I’ve already written about the critical importance of gaining good citizen
input and actually engaging the citizens, as well as the value of ensuring that
Council materials are complete and accurate so that everyone is on the same
page about the facts of the situation and good debates can occur.
But
in addition to these activities, I have recently have been observing the
importance of the Council culture that underlies all this. For example, having
a council dominated by one member or one point of view, or by a clique that
marginalizes council members who don’t go along with the majority, is really very
detrimental — it leads to bad decisions and bad feelings. And, because the
decisions that get made do not include real consideration of alternatives, when
appropriately criticized for this, the majority just “circles the wagons.” That
happens because there was no adequate debate, and concerns ignored during that
process show up as critiques after the decision.
To
a large extent creating a functional culture is the responsibility of the
mayor. First, the mayor needs to encourage full and real debate rather than
dominating the conversation. Second, the mayor needs to make sure that the
various points of view, including those that come from community members as
well as from Council members who are in the minority, have support by providing
useful, unbiased data that address or provide information on the implication of
those points of view. And third, the mayor needs to make sure that the city
staff does not try to curry favor by just backing up the majority position.
This
goes to the very heart of what our local democracy is. We call it
“representative democracy,” but we in Boulder do not elect people to make
decisions for us, but with us. We elect them to run a process where we have a
real role, and not just feel like we’re talking to a glass wall.
Boulder
has plenty of smart people who really know the issues. So when the Council and
staff fail to provide complete, unbiased information, it becomes an ongoing
sore point. This has become a serious problem in recent years. For example,
last year it took months to restore the charter initiative timeline to what was
obviously required in state law. And even then, there was never any acknowledgement
that there had been a major mistake. This year, there are a number of obvious
problems with some ballot measures that should have been dealt with but
weren’t. And there is the need to correct the city ordinance that exempts
petitions from state regulations as to form. This flaw leaves the petitioners
without any certainty. The Council is well aware of this issue, but has failed
to fix it.
Then
there are the big substantive issues that the recent Councils have studiously
avoided. These include the impacts of growth on our finite and
climate-diminished water supply, on our inability to avoid gridlock on our
streets from ever-increasing traffic, and on the lowered quality of the
experience of being on our Open Space because so many more residents are using
it.
Do
citizens want more and more jobs, as in the current draft East Boulder
Sub-Community Plan, and to have to pay for more transit to (inadequately)

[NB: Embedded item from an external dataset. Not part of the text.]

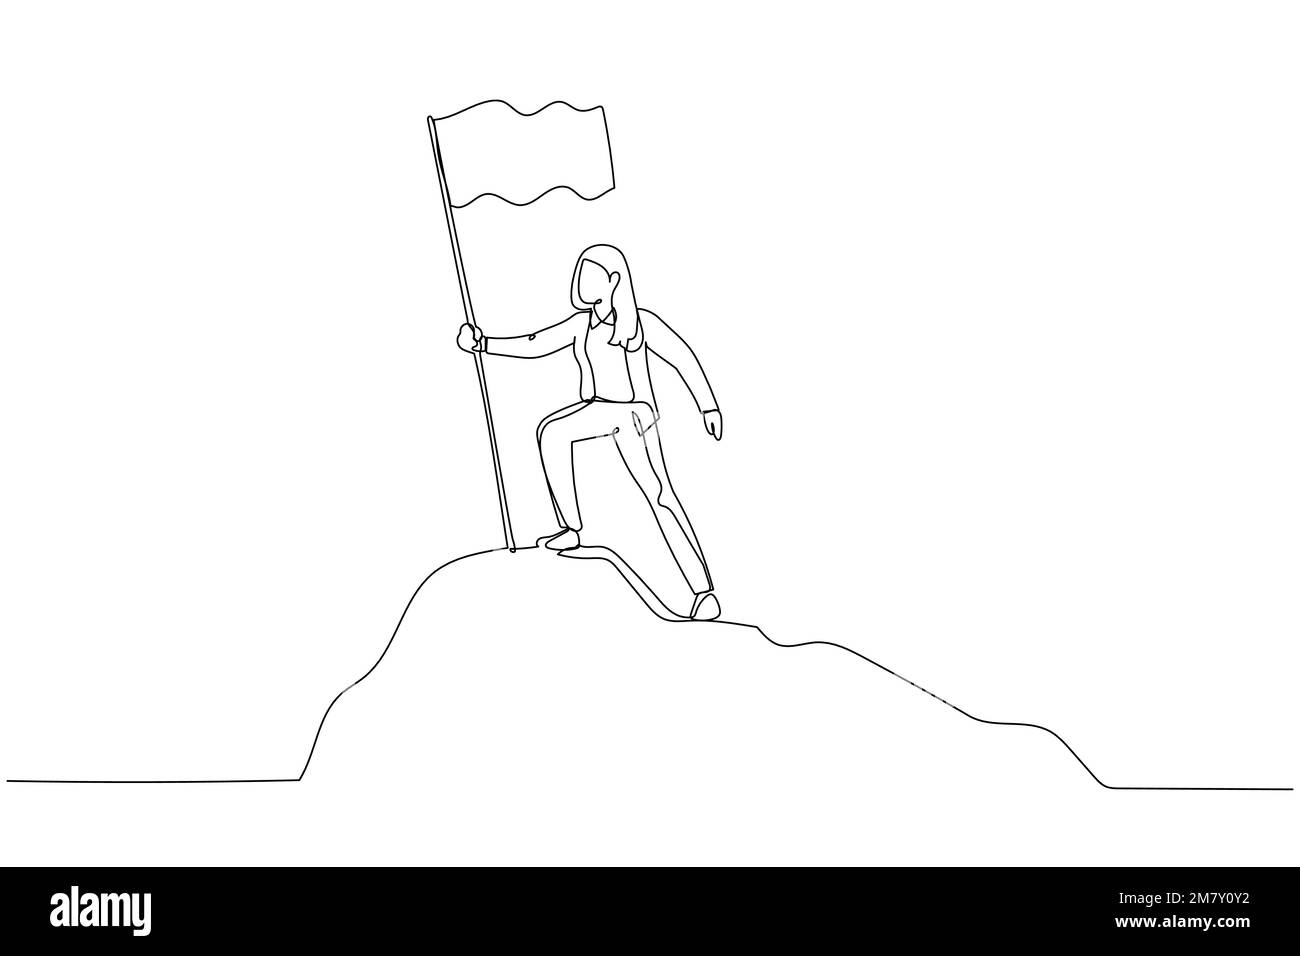 Cartoon einer Geschäftsfrau, die auf dem Gipfel des Berges steht und die Flagge hält wie ein Eroberer. Design im Kunststil mit einer durchgehenden Linie Stock Vektor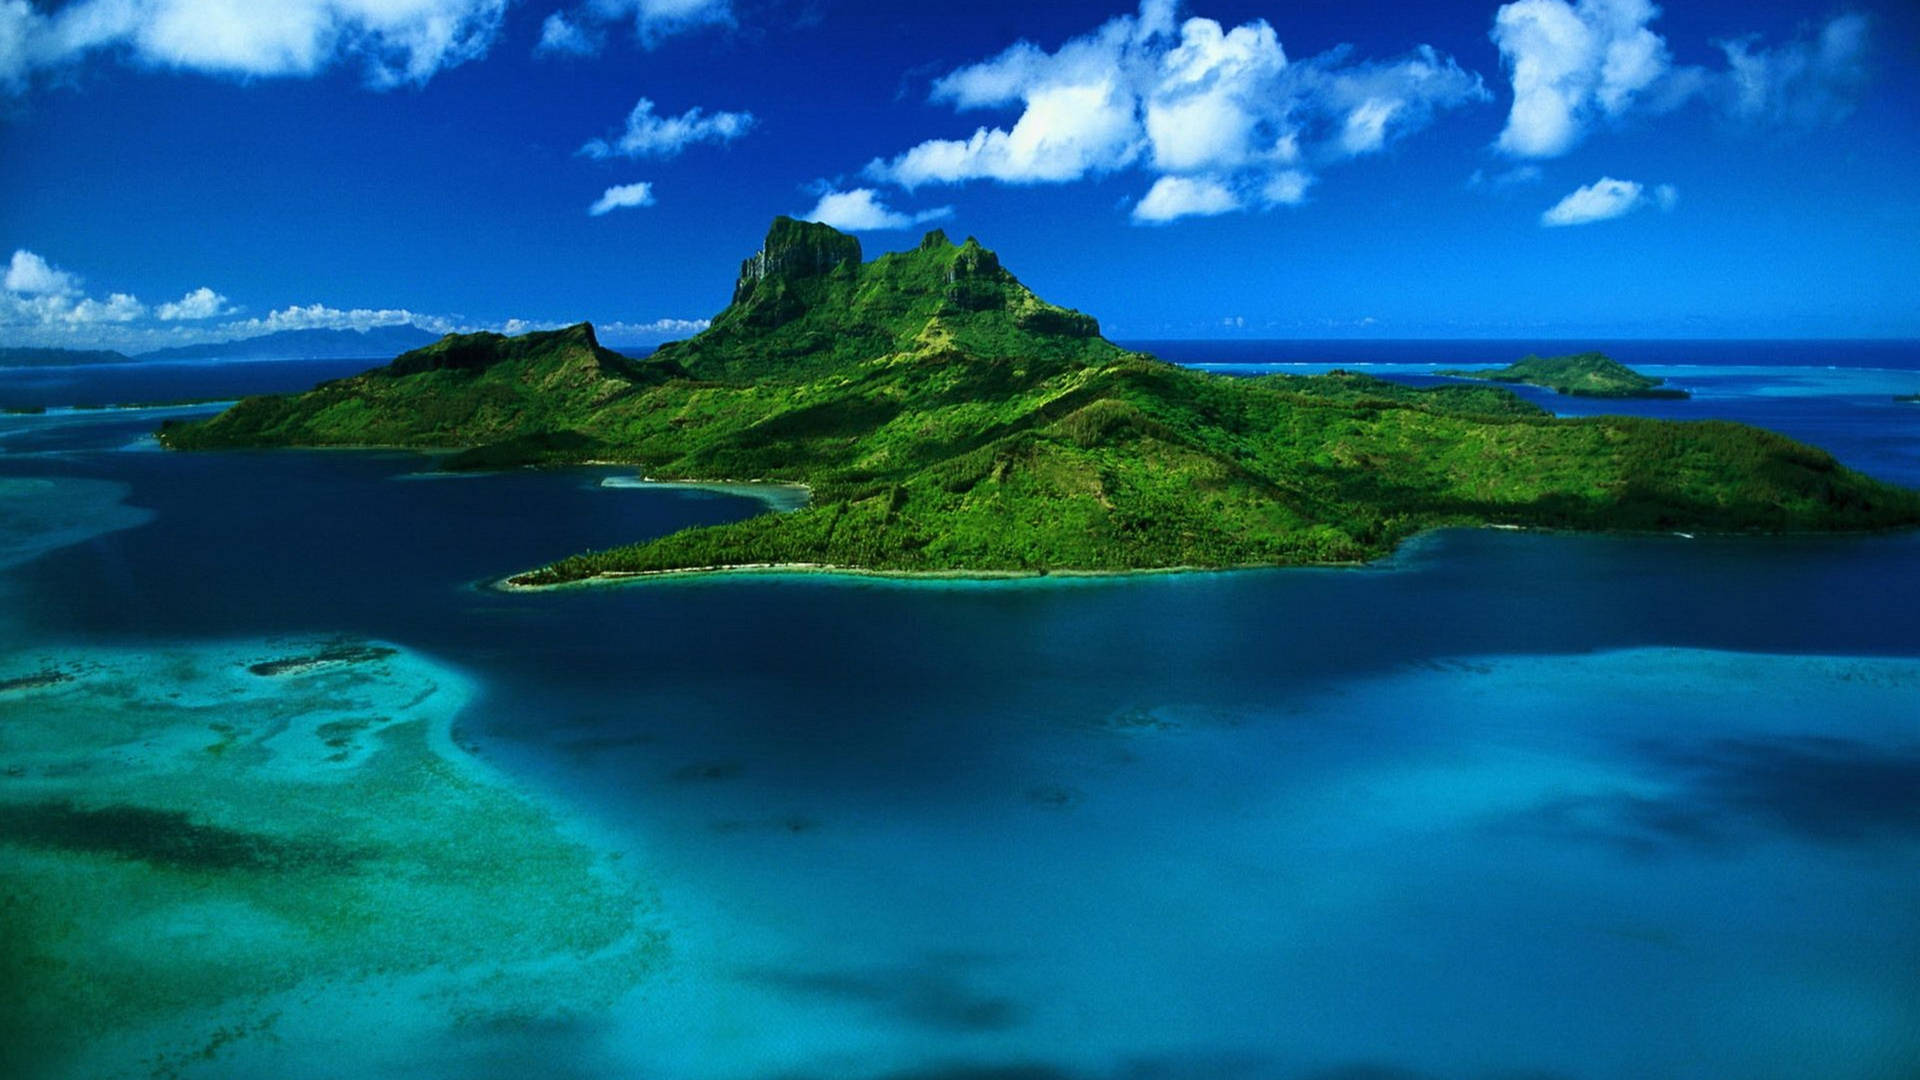 Mauritius Island Ocean View

attempt to address the resulting traffic snarls? Do the citizens want more and
more students, as under CU’s unbounded growth plan? Do the citizens really
think that Boulder should try to accommodate everyone that wants to move here?
Should Boulder become the next Silicon Valley? Is our affordable housing
program adequate, when it is not achieving the percentage of affordable units
necessary to maintain our current population’s economic distribution? And who
should be paying the costs of growth, to the extent that those impacts can
realistically be mitigated?
These
are big issues. But to actually engage these productively, Council members need
to stop being triggered by one-liner policy statements that are used to
invalidate those who don’t immediately and mindlessly accept them.
So
I’m looking for Council members who will think critically, who aren’t afraid to
take on the powers that be, who will try to find out what the citizens really
want, and who will be independent and not just go-along-to-get-along. Getting
elected just puts you in the position to start asking hard questions and
getting useful answers.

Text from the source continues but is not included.